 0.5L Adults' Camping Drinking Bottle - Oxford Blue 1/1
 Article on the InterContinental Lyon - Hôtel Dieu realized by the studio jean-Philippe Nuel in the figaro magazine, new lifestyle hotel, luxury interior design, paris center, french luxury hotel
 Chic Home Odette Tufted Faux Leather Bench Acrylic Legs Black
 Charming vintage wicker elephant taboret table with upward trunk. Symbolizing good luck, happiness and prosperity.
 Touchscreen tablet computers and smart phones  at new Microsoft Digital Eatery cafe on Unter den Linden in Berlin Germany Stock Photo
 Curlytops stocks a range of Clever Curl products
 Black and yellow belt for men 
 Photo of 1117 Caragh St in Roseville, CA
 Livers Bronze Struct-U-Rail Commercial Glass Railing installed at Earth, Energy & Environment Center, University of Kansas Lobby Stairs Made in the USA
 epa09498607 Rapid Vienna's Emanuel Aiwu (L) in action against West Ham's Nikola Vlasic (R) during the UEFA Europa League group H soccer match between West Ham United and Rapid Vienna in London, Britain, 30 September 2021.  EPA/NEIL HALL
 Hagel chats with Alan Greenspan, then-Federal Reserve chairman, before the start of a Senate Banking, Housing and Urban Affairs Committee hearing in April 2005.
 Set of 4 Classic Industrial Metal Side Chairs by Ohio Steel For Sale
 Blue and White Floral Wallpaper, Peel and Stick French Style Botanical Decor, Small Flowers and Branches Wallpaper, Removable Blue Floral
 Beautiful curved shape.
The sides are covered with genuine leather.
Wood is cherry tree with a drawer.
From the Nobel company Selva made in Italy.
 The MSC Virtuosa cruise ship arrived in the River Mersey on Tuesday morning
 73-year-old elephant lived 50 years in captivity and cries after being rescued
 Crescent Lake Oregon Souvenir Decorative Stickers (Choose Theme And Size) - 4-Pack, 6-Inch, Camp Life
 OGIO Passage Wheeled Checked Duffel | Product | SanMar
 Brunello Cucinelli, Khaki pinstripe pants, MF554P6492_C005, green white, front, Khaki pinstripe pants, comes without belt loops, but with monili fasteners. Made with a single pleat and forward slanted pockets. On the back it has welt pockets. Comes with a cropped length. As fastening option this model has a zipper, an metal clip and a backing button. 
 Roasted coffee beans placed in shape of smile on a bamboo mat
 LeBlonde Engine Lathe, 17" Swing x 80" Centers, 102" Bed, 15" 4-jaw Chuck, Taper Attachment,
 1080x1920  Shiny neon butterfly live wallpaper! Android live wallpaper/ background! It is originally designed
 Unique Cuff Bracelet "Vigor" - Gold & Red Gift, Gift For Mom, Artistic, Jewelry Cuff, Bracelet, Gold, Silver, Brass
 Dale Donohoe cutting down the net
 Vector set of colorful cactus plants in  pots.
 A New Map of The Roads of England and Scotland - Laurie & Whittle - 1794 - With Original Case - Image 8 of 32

** THE PROBLEM **
Everything from the line with "is originally designed" through the end of the listing, both ends included, needs to be transcribed exactly, with no other lines.

** RESULT OF THE TASK **
 1080x1920  Shiny neon butterfly live wallpaper! Android live wallpaper/ background! It is originally designed
 Unique Cuff Bracelet "Vigor" - Gold & Red Gift, Gift For Mom, Artistic, Jewelry Cuff, Bracelet, Gold, Silver, Brass
 Dale Donohoe cutting down the net
 Vector set of colorful cactus plants in  pots.
 A New Map of The Roads of England and Scotland - Laurie & Whittle - 1794 - With Original Case - Image 8 of 32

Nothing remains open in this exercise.